What you need to do:
No picture belongs in the copy. Repeat each line below exactly.

Data excerpt:
-------

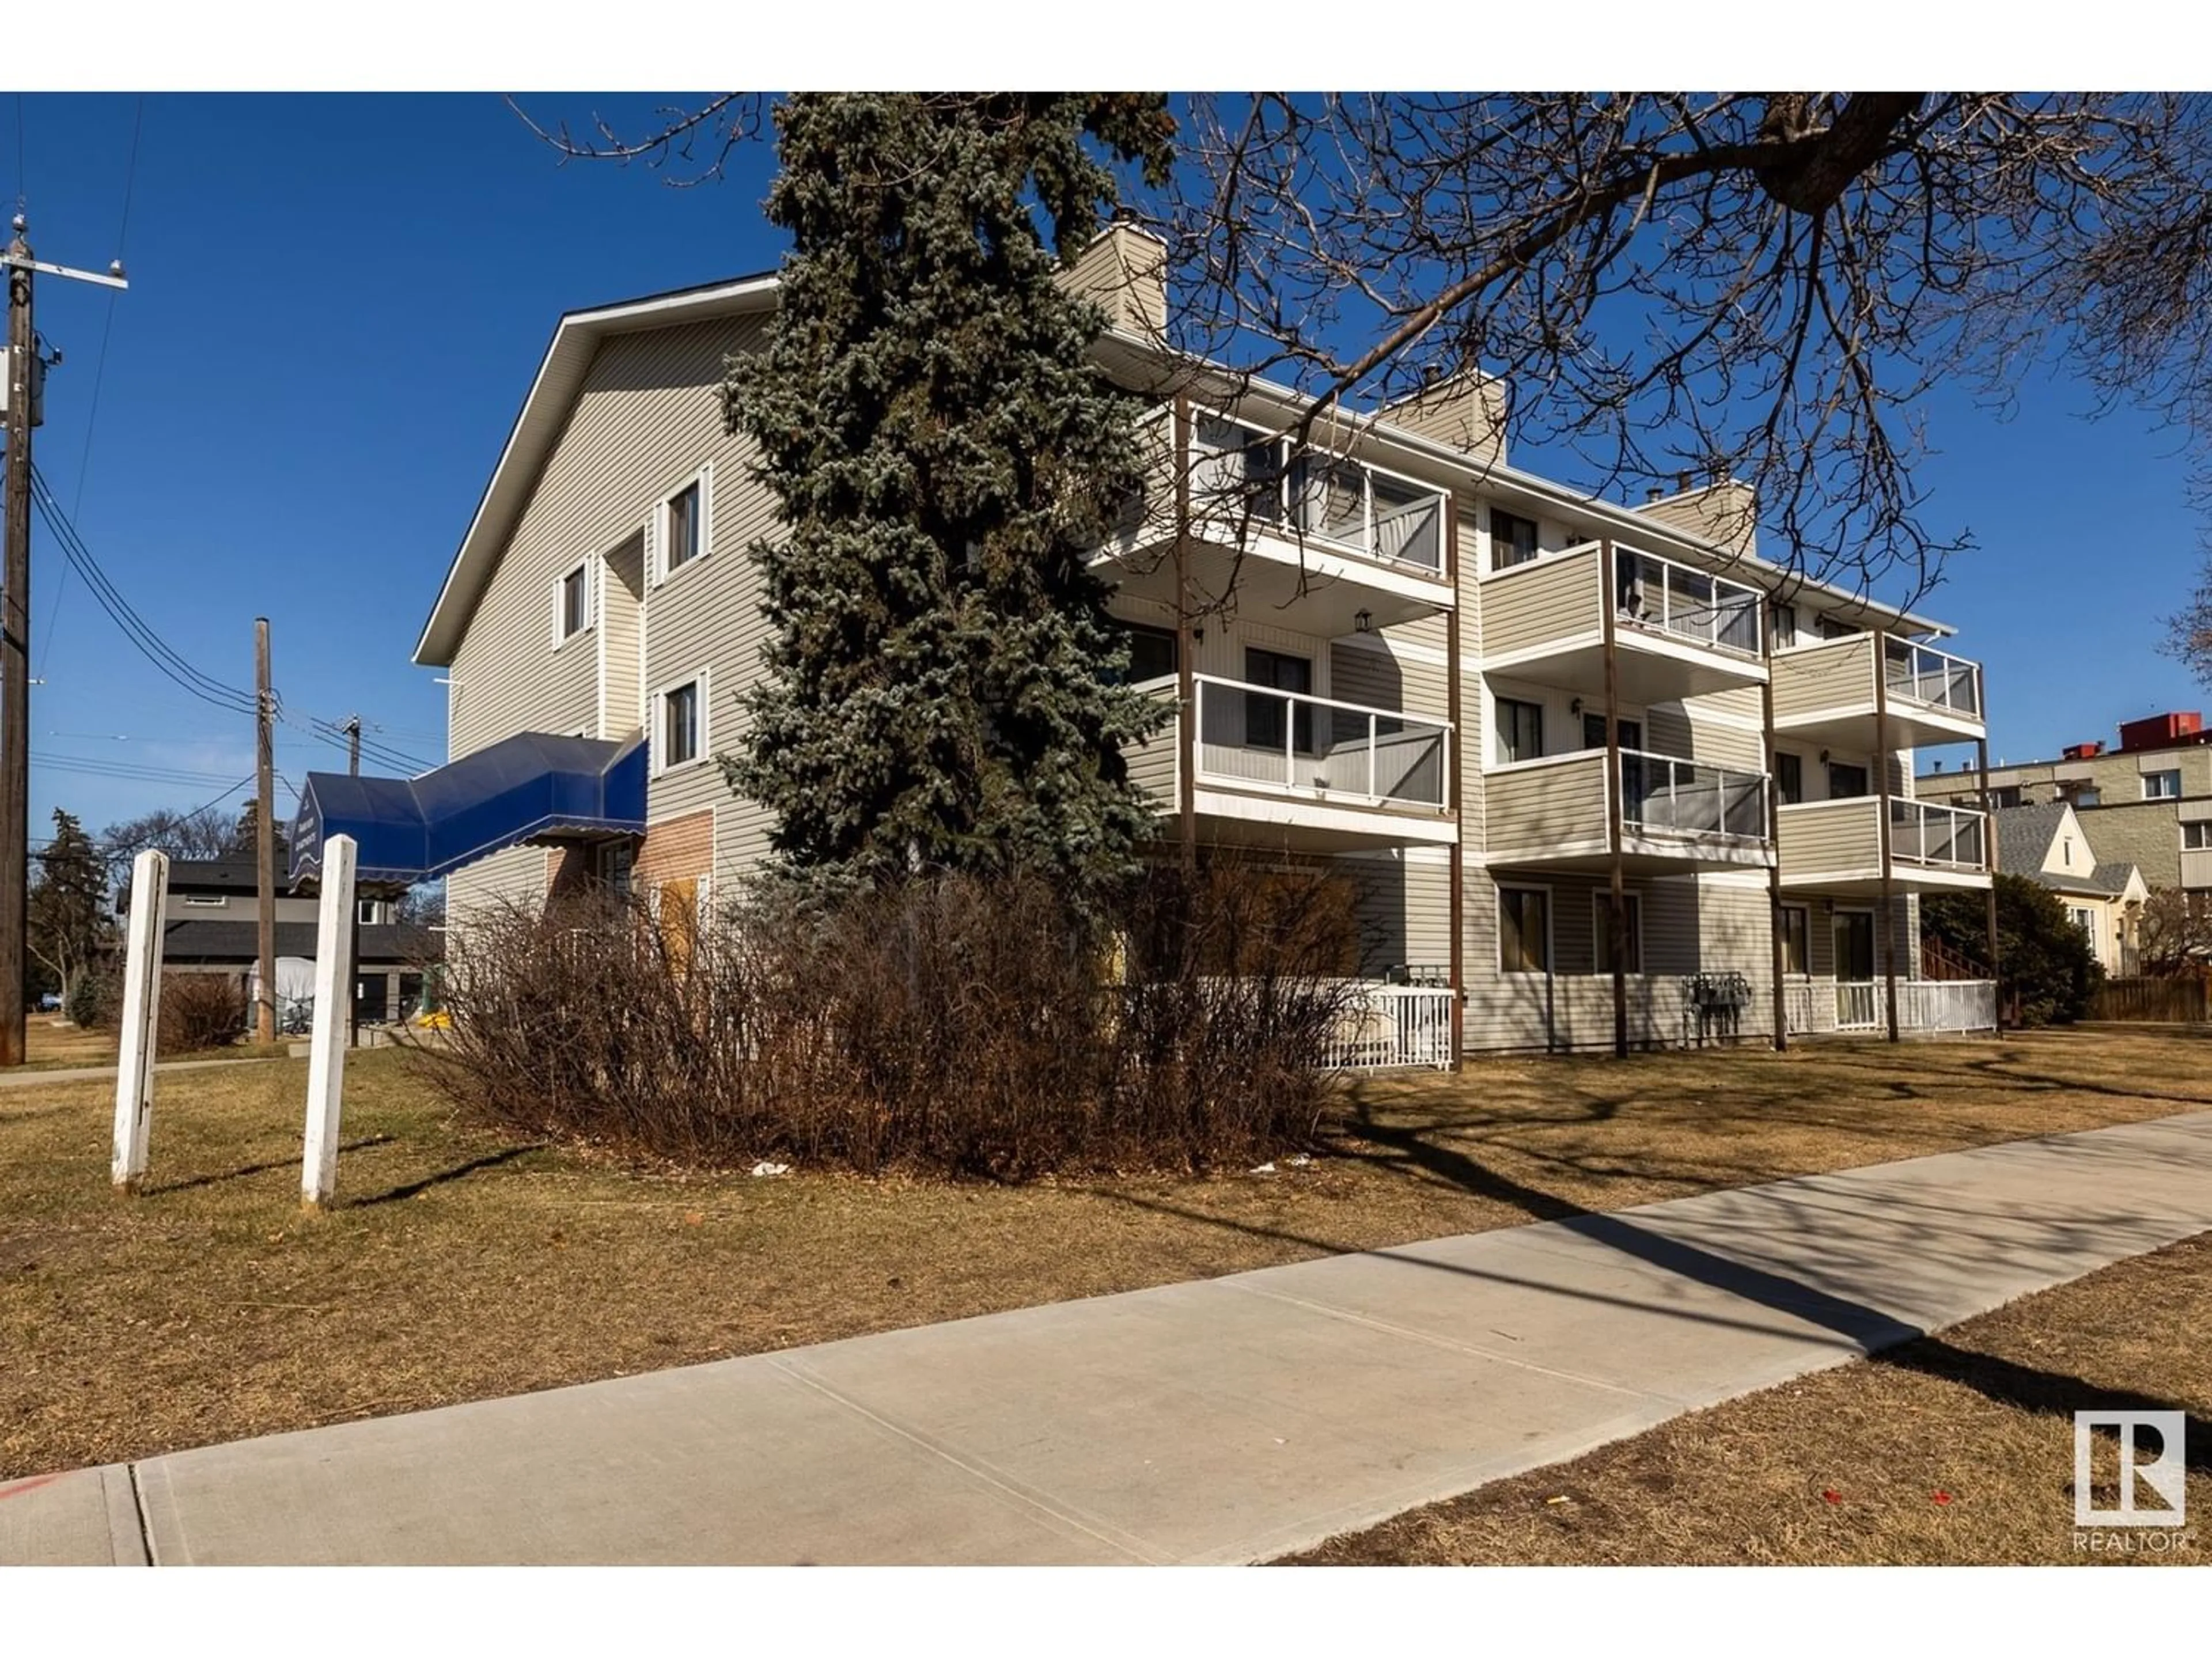 A pic from exterior of the house or condo for #103 10604 110 AV NW, Edmonton Alberta T5H4C7
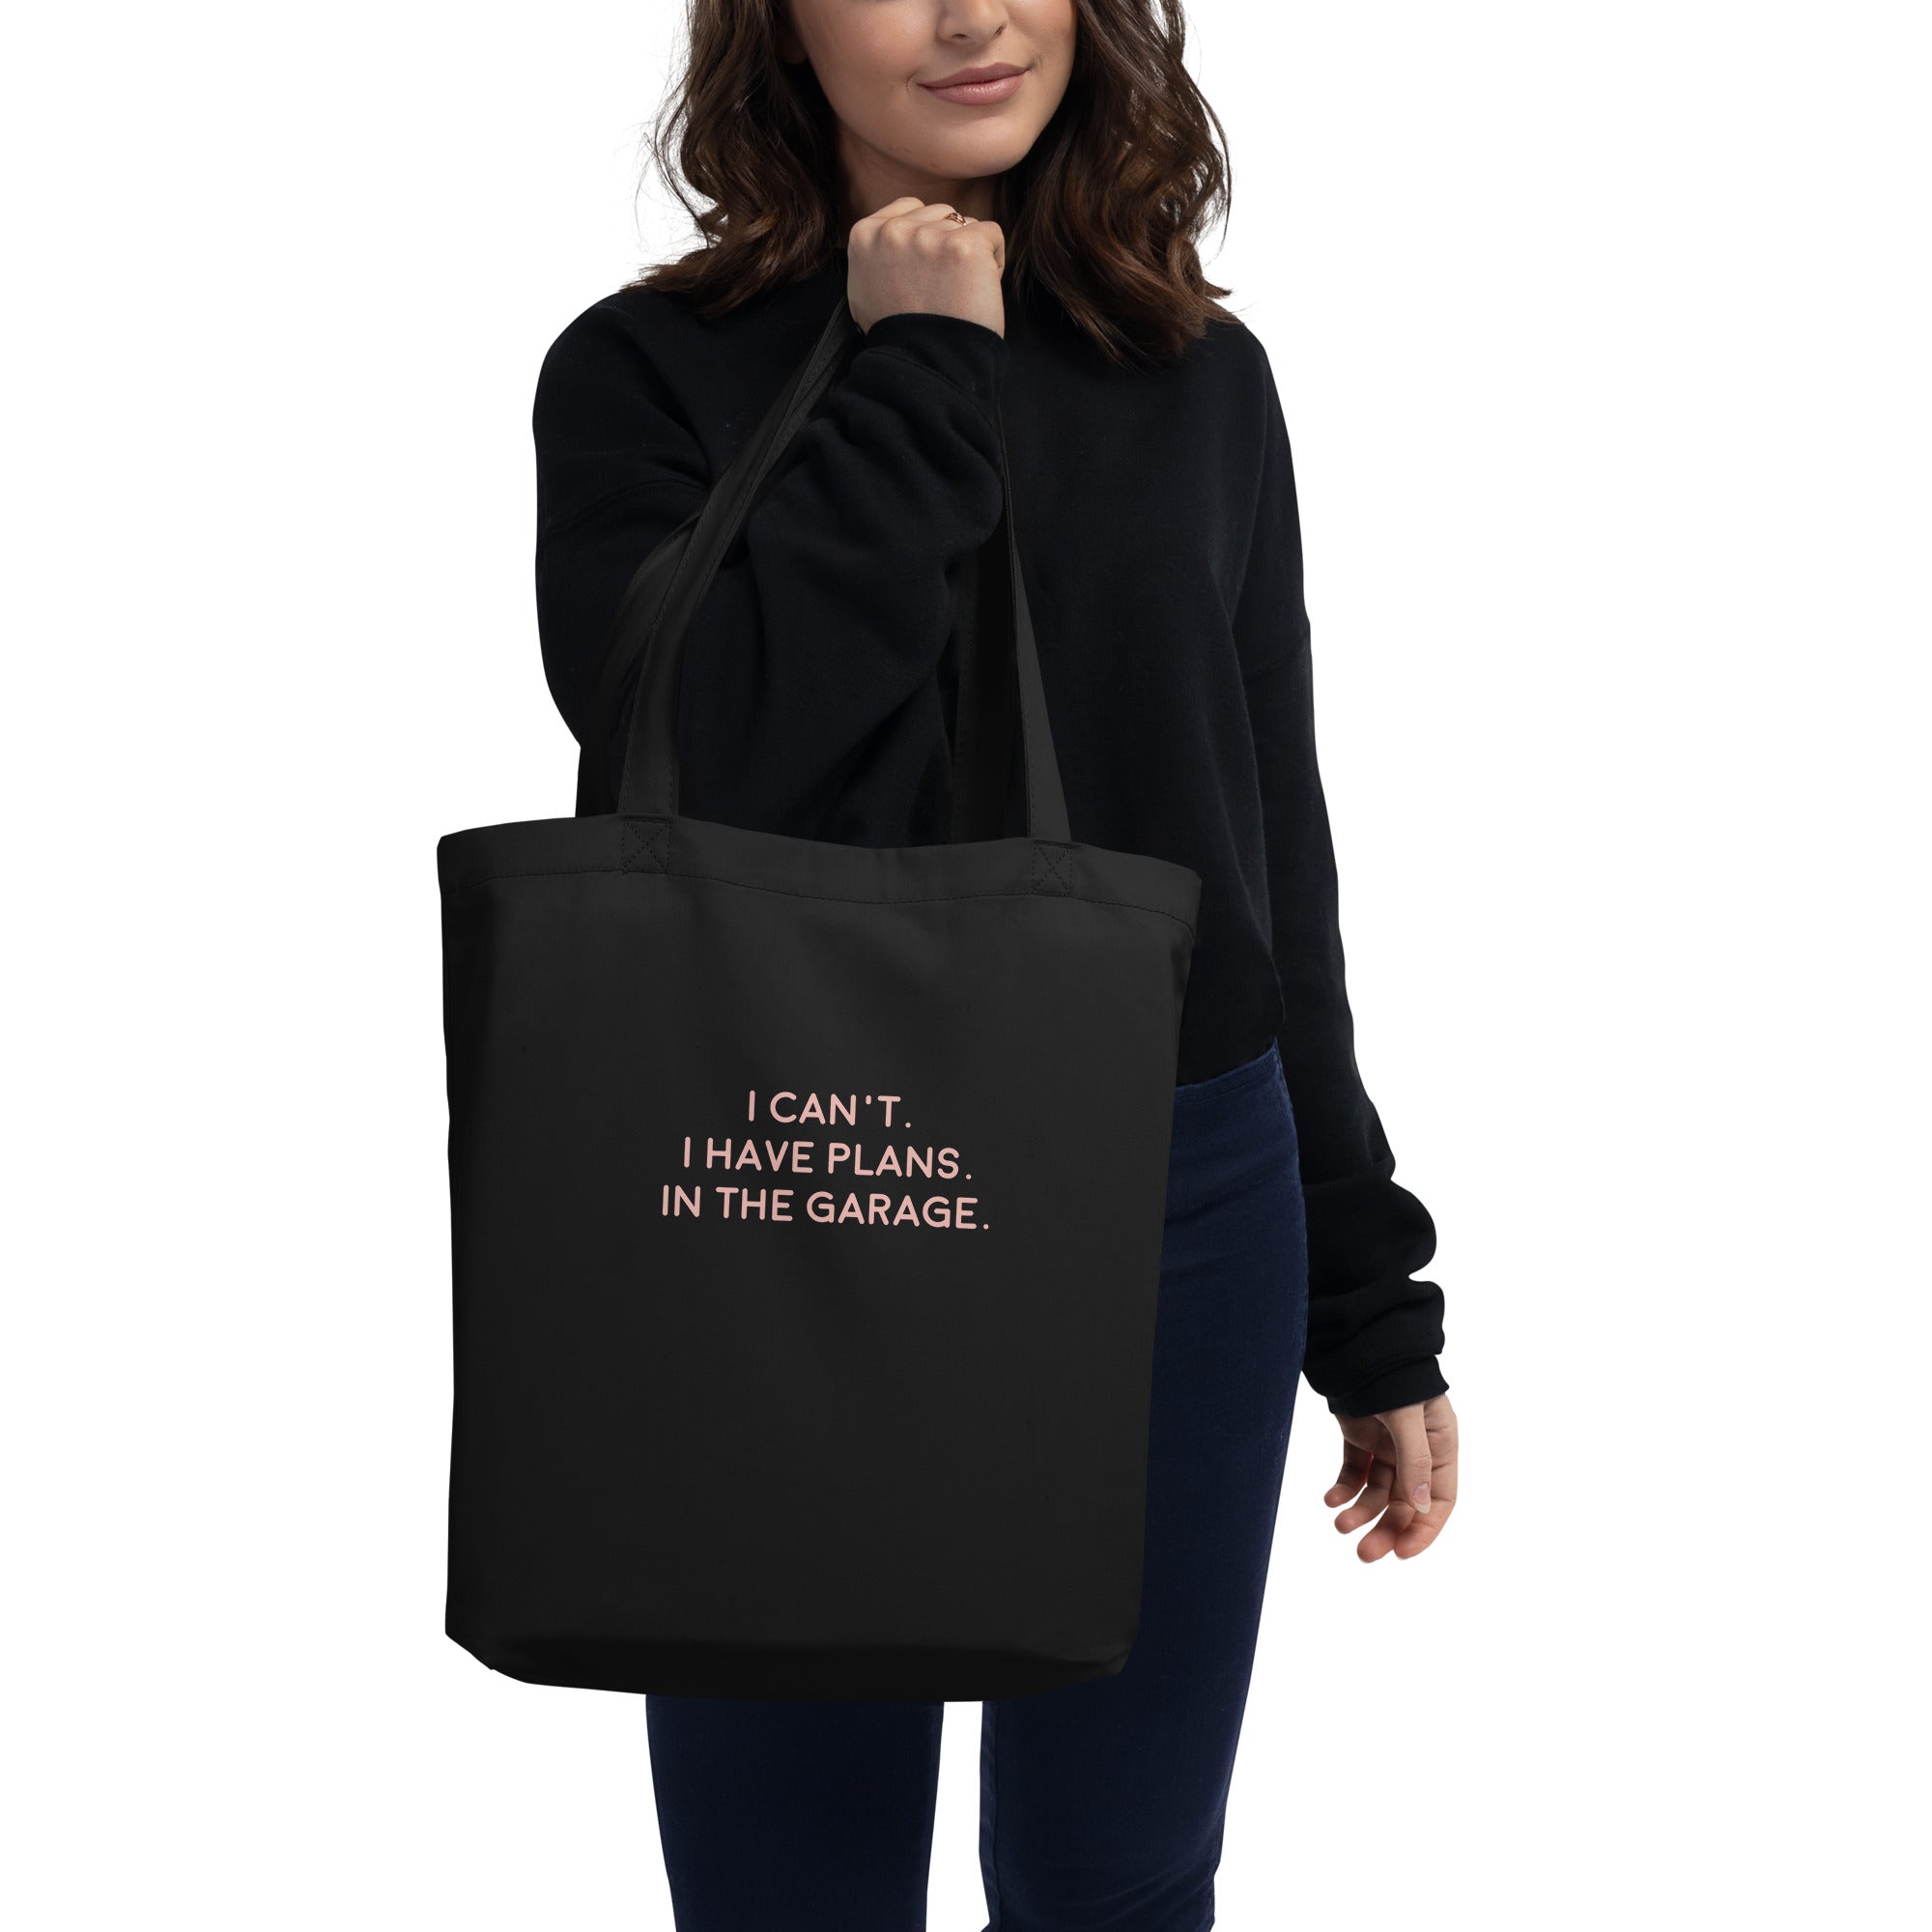 I Have Plans Eco Tote Bag
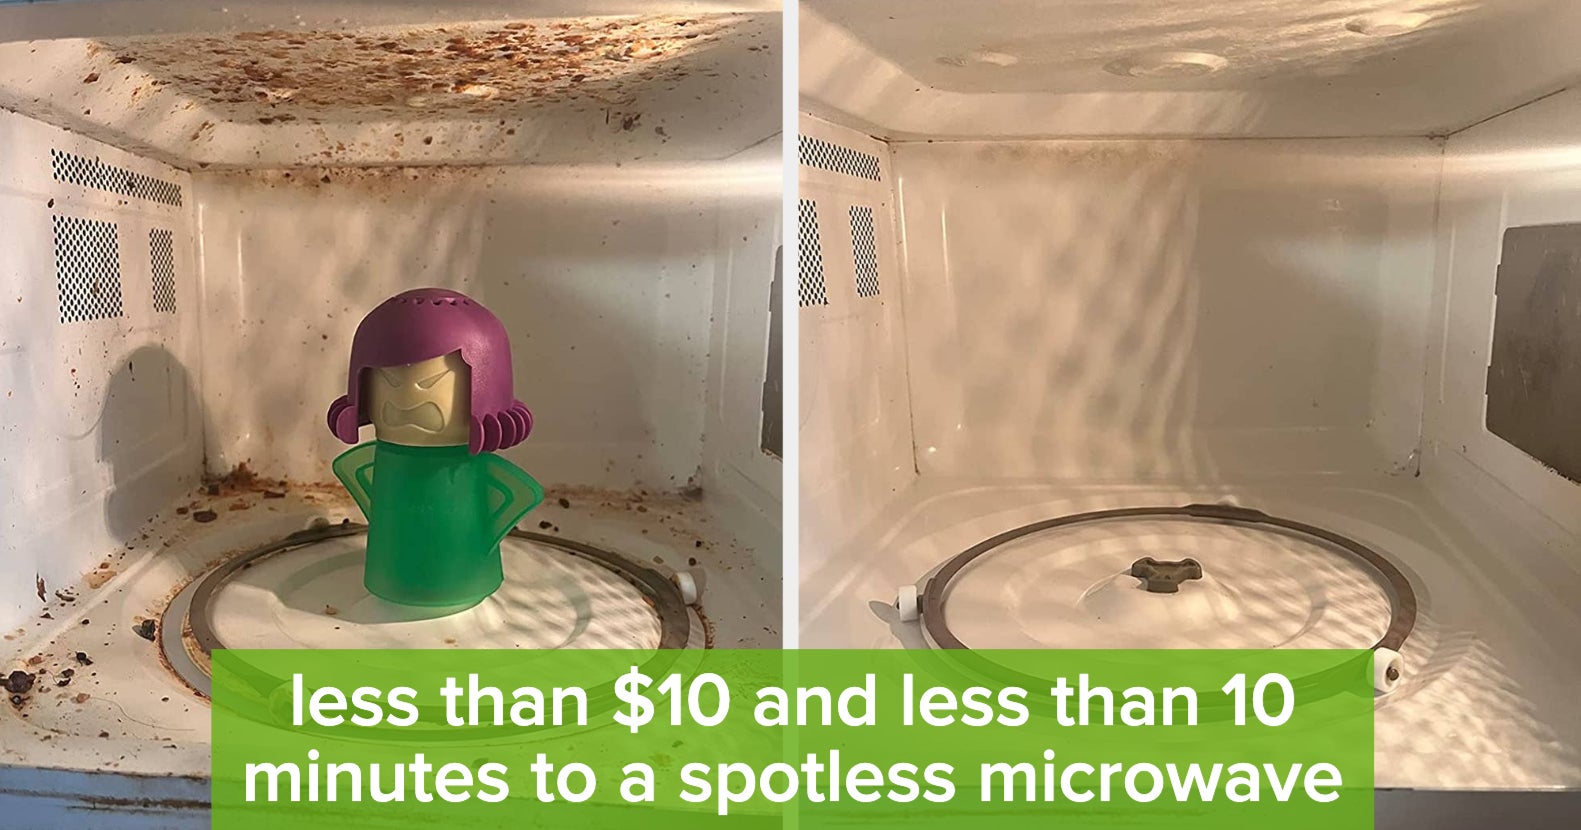 This $8 'Magical' Tool Makes Cleaning Your Microwave Easy and

-------

Reply to the exercise:
 A pic from exterior of the house or condo for #103 10604 110 AV NW, Edmonton Alberta T5H4C7
 I Have Plans Eco Tote Bag
 This $8 'Magical' Tool Makes Cleaning Your Microwave Easy and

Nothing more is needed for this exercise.